For teachers, the most difficult part of their job is managing children’s behavior. While they want to spend their time teaching and passing knowledge along to children, they instead seem to spend their days intervening in arguments, calming out of control children and trying to get others to just stay in their seat for a few minutes. For a teacher, this is frustrating. Many teachers who leave the teaching profession do so because of their frustration with their student’s behavior.
While parents, home environment, too much television, violence in the street, violence on television, video games, and much more are often blamed as the source of a child’s disrespect and lack of manners, placing blame is not an answer to behavioral problems. Often a child, when placed in a well-structured and positive environment will behave as they are expected to. Children, being children, will also attempt to push the line of acceptance as far as it will go. New teachers are tested daily until a child learns what is expected of them and what they can get away with.

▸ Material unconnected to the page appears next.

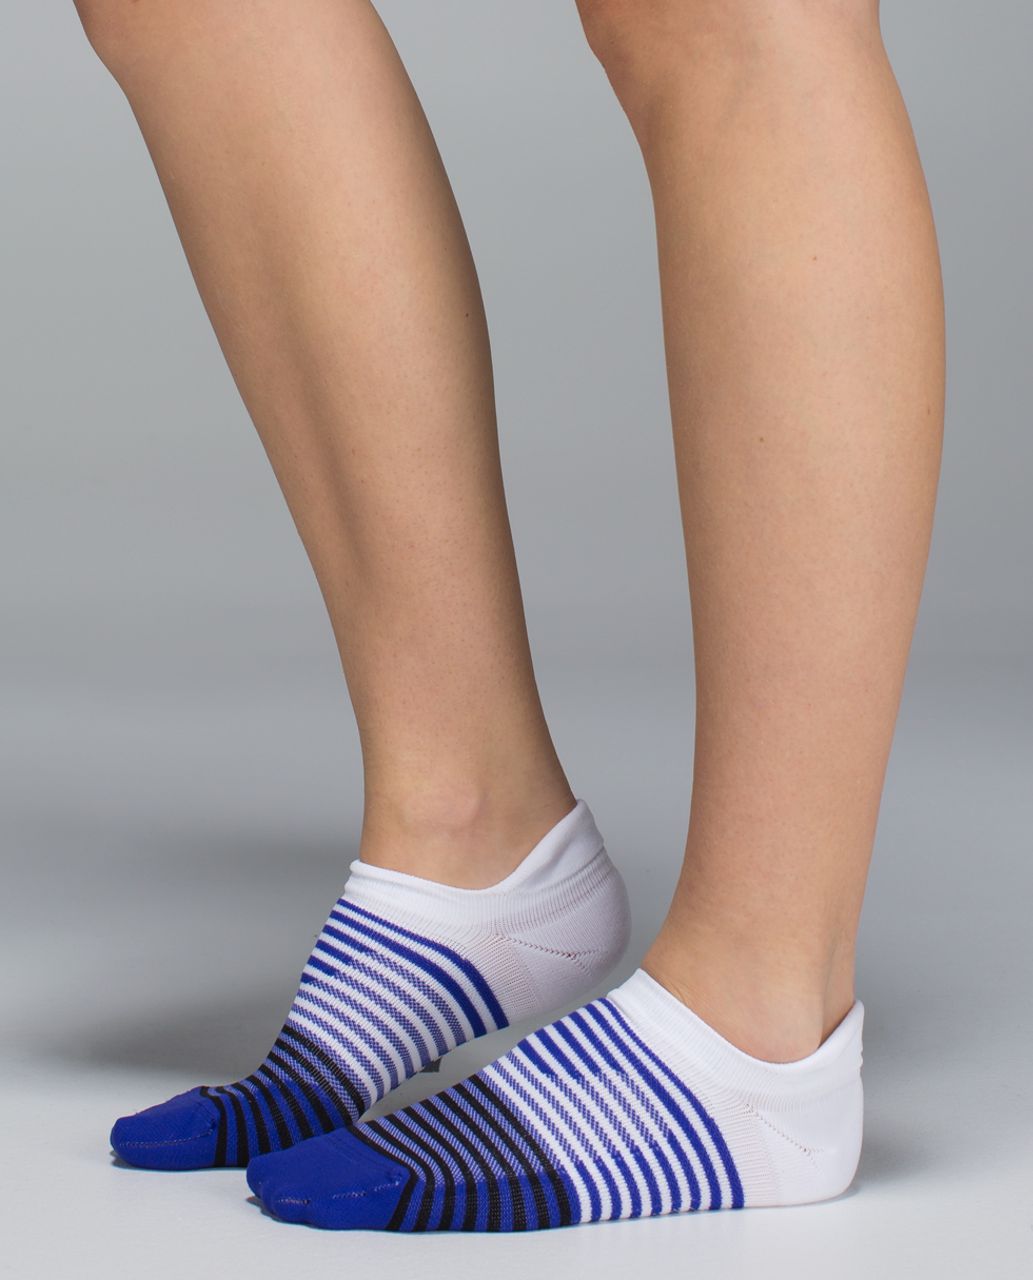 Lululemon Women's Ultimate No Show Run Sock *Ergo Toes - 4x4 Stripe Pigment Blue White
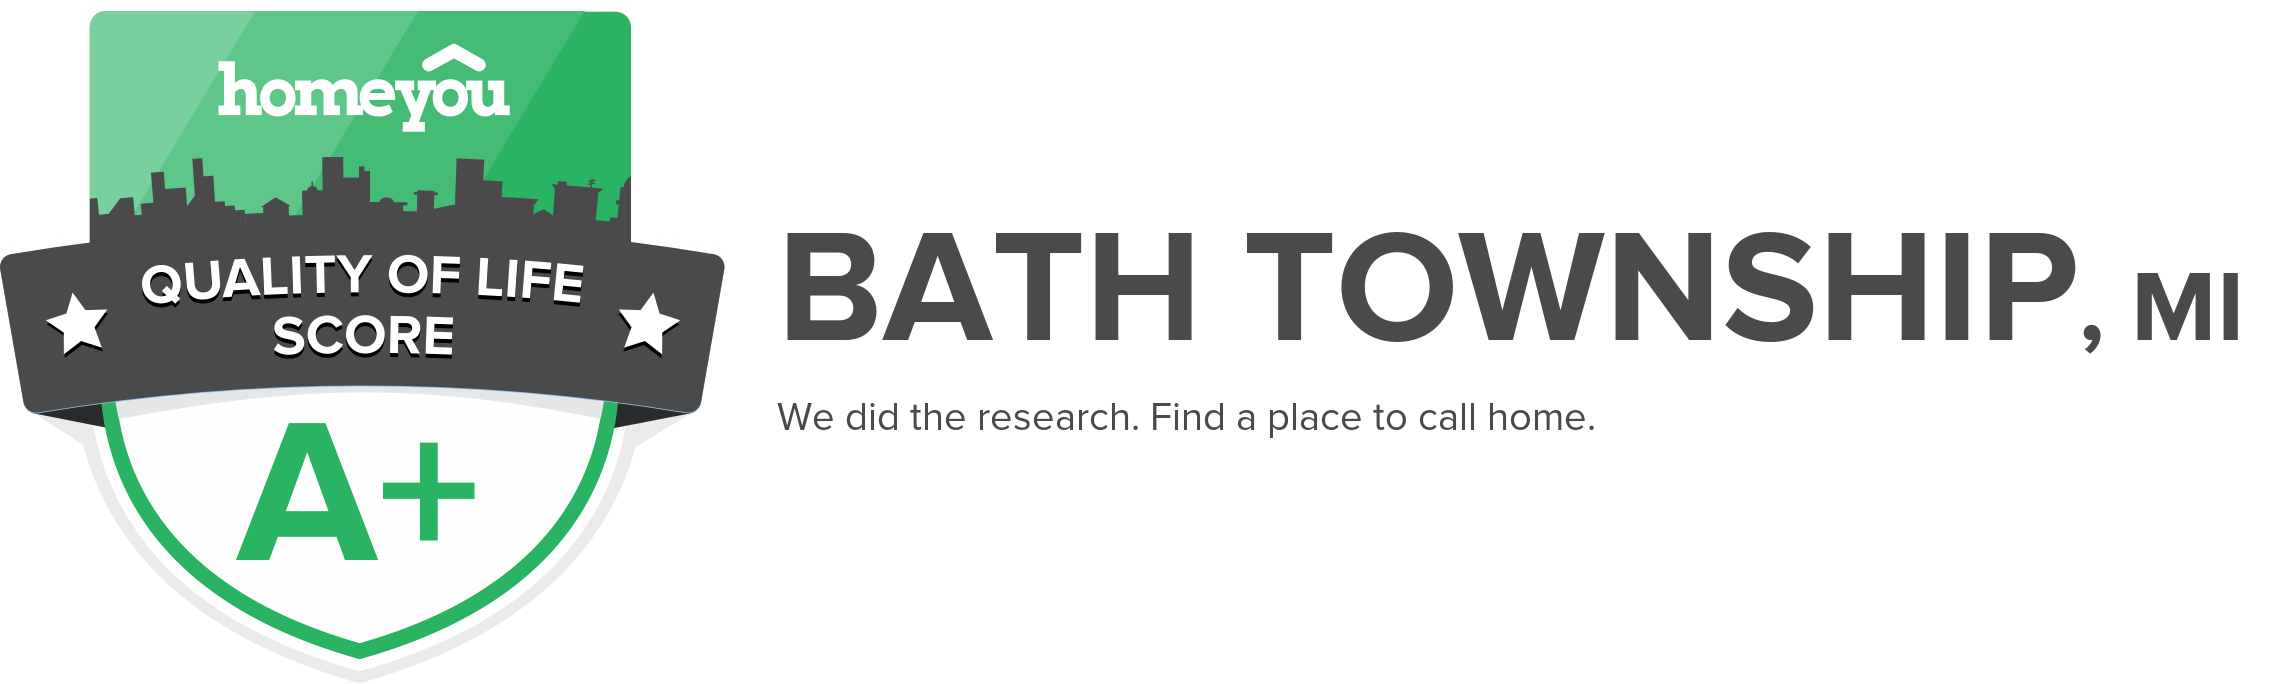 Bath township, MI

Children with ADHD, in particular, have a hard time following rules in class. Not because they want to misbehave, often because they are impulsive, do not have the ability to concentrate for as long as their classmates, and forget easily. But they, like most children, want to please the adults in their life. For parents, there are motivational games to play, to help improve behavior at home. Many of these games can be adapted to a classroom, either as a way to improve the behavior of the entire class or one student in particular. These games are designed to incorporate positive reinforcement as the primary mode of interaction. They are designed to help a child see what they are doing right, instead of focusing on what they are doing wrong.
In addition to the games listed on the site for parents, there are a number motivational games specifically for classroom use.
Homework Tickets
If you are having a problem with children completing their homework each night, this game can help inspire them. The game can be tailored to suit your purposes. Should they get one ticket for each subject they complete homework for? Should they get one ticket for completing all their homework? As with positive reinforcement programs, you can be more liberal at the beginning of the game, giving tickets for each subject, then, as the weeks go by, taper down to one ticket for completing all homework each night, or have your drawing once a month rather than once a week.